Fast facts about Pay As You Drive (PAYD) automobile insurance, the future of car insurance pricing:

  • With PAYD, each policyholder prepays for their insurance coverage based on their expected travel mileage. When the coverage term completes, the policy holder will either pay a balance for overages or receive a rebate based on underages. As you might expect, pre-paid miles will cost less than post-paid miles.
  • Insurance providers can monitor the mileage of a given vehicle with in-vehicle diagnostic instruments, GPS systems and/or simply by checking the odometer.
  • PAYD insurance cost less than conventional auto insurance because of simple probabilities. The fact is that, even when in motion, there is a small chance that a given vehicle will be involved in an accident. And when a vehicle is parked, there is practically 0% probability of sustaining, or causing, damage. So, by basing the cost of insurance premiums on the amount that a given vehicle is used, the insurance company is guaranteed to incur less risk per-mile driven.
  • Motorists who drive a high number of miles annually tend to exhibit lower per-mile accident rates. Conversely, those who drive few miles annually tend to exhibit higher per-mile accident rates. That makes it unfair to charge everybody the same per-mile rate. The factors that are already used to determine premium rates are recalculated to include the amount of miles driven annually. The result is ever-increasing accuracy in projections, and increasingly fair pricing for policyholders. So, you can be sure that the actuaries at your insurance company will factor in several relevant considerations when determining your per-mile pre-paid PAYD rates.

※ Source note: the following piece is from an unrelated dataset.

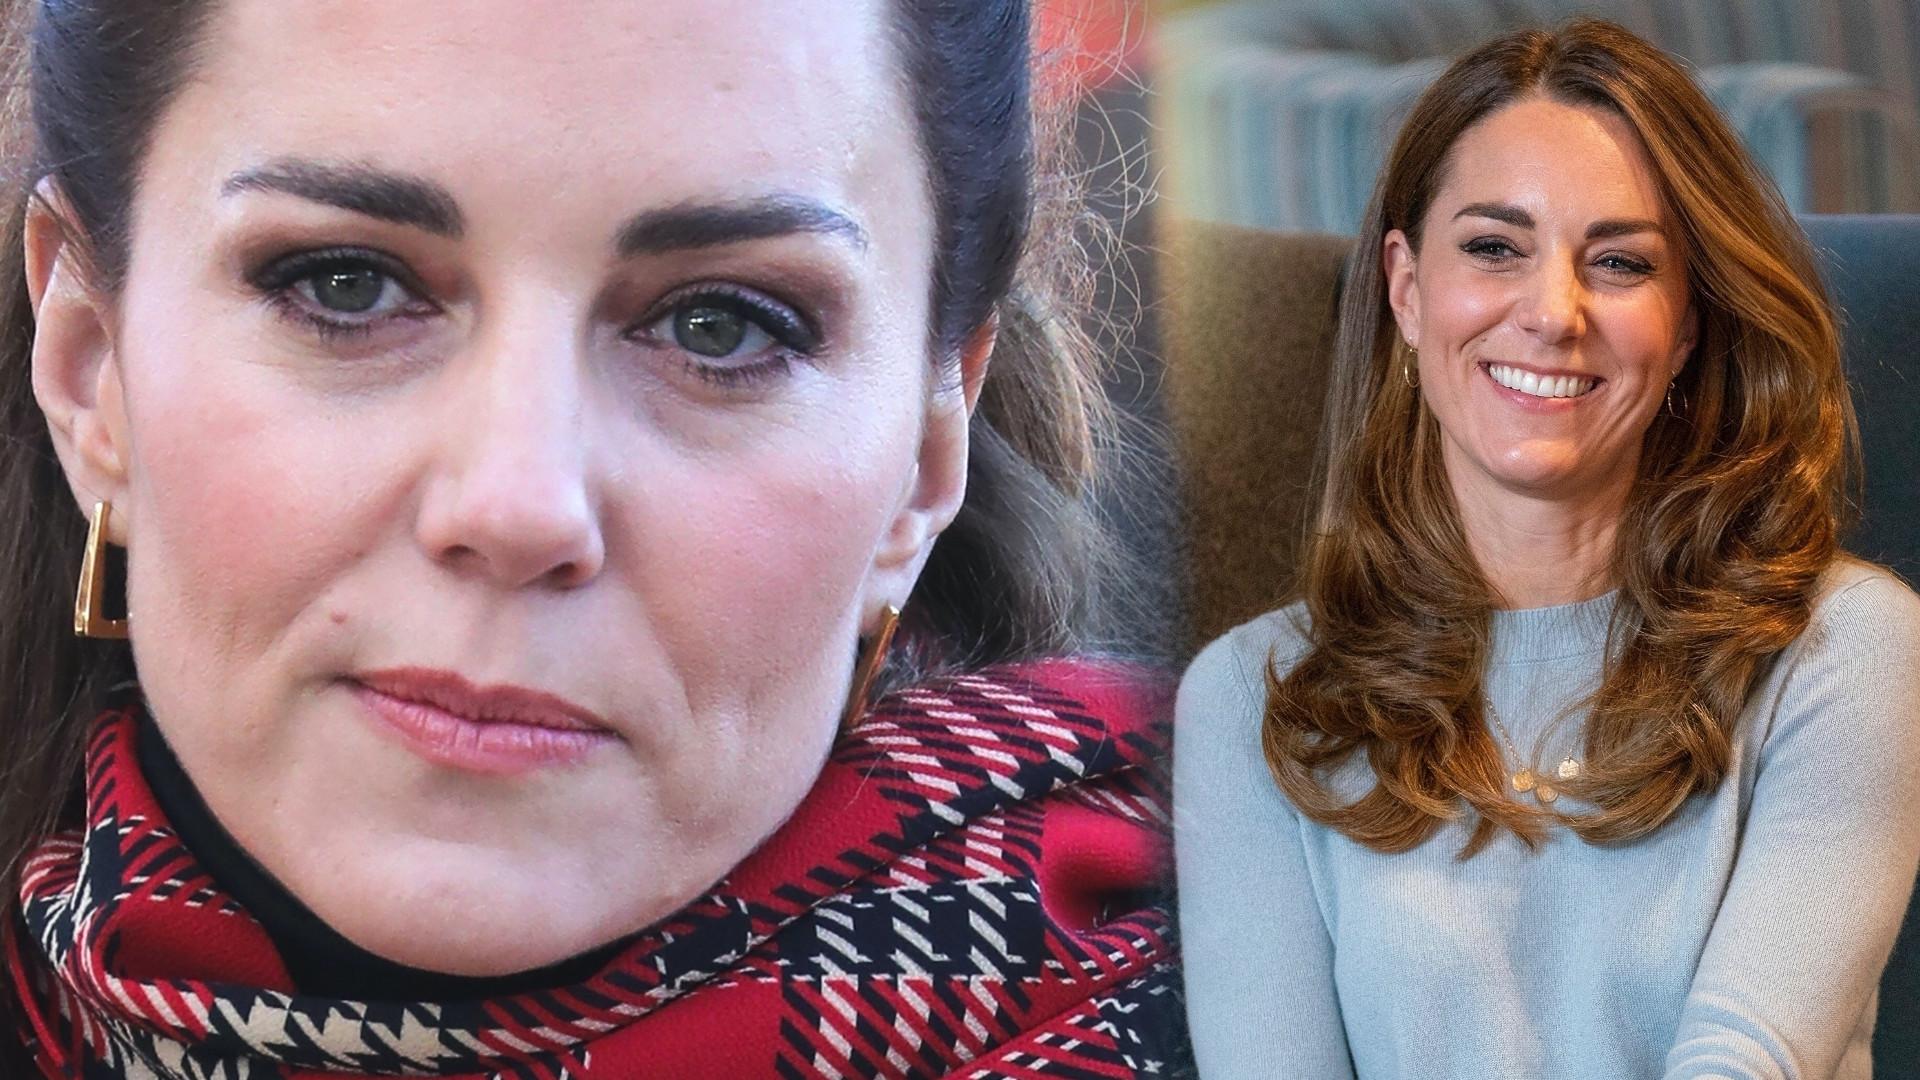 Urodzinowe zdjęcie księżnej Kate w tym roku jest inne niż wszystkie

Benefits associated with PAYD Insurance:

  • Increased actuarial efficiency;
  • Drivers are naturally encouraged to drive less, lessening emissions;
  • Likewise, less fuel is used;
  • Consumers have more choices available and therefore save more money;
  • Automobile insurance is made more affordable for all;
  • Less people will drive uninsured;
  • Decreases in driving yield decreases in traffic congestion;
  • Taxation monies will be saved due to less road and parking facility wear;

Pay as you drive auto insurance is going to heavily affect the future pricing of all vehicle insurance pricing, for all people, in every state. The industry has not changed to fully accommodate PAYD insurance yet, but the wheels are in motion. Watch for it.